Video Friday: Should 'Shareholder Value' Rule Business Thinking?


Eric Orts

KnowledgeAtWharton interview with Eric W. Orts, author of Business Persons: A Legal Theory of the Firm. According to Frank Partnoy, Professor of Law and Finance, University of San Diego,

Orts has rethought and reformulated corporate law theory, echoing the work of Adolf Berle, Gardiner Means, and H.L.A. Hart. While recent scholarship on the nature of the firm have stressed economic and finance theory, Orts frames the analysis around legal theory. Employing an ethics-focused, multi-perspective approach, Orts draws parallels to the history and philosophy of law. It re-elevates the roles of agency, contract, and property law and theory in addressing questions about the firm. The book includes crucial insights into the modern taxonomy of firms and their shifting boundaries, as well as practical contributions to the policy debate about executive compensation challenges and corporate political speech. Orts is a leading voice advocating a more nuanced view of the firm, delivering a thoroughly-researched and foundational book that is a must-read for anyone thinking about the theory of the modern firm.
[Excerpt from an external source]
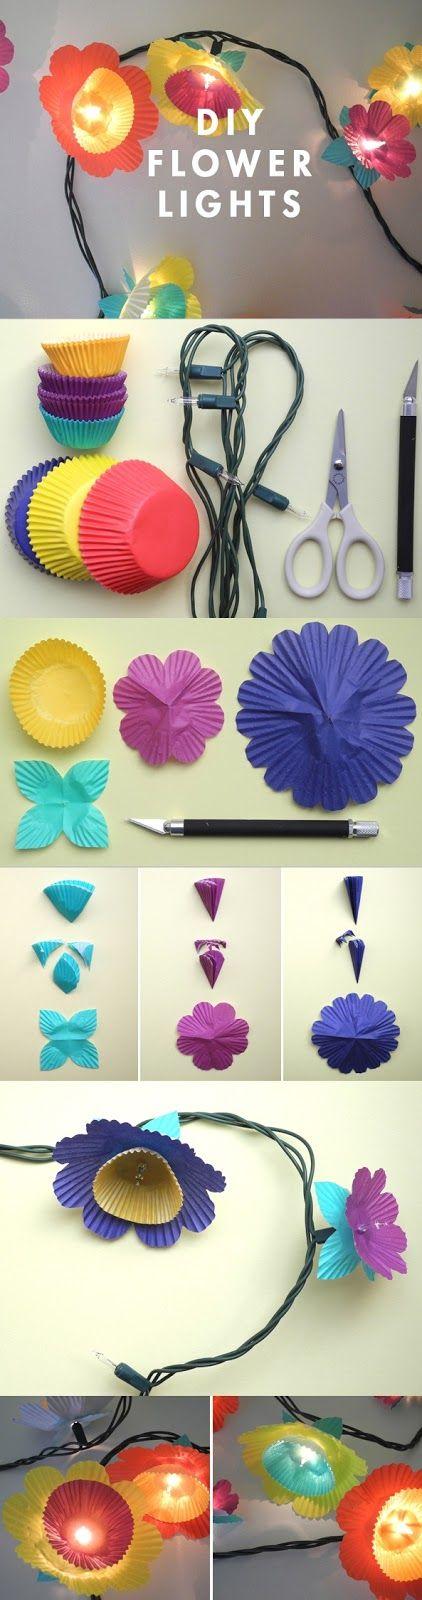 DIY cupcake liner flower lights | Follow for more student stuff >> http://www.pinterest.com/iqstudents/

Eric W. Orts is the Guardsmark Professor of Legal Studies and Business Ethics at the Wharton School of the University of Pennsylvania with a secondary appointment in Management. He is the faculty director of the Initiative for Global Environmental Leadership and a co-faculty director of the FINRA Institute at Wharton. He has been a visiting professor at the University of Leuven, the University of Michigan Law School, NYU School of Law, Tsinghua University School of Economics and Management, the University of Sydney Law School, and UCLA School of Law. His research focuses on business theory, corporate law, ethics, and sustainability.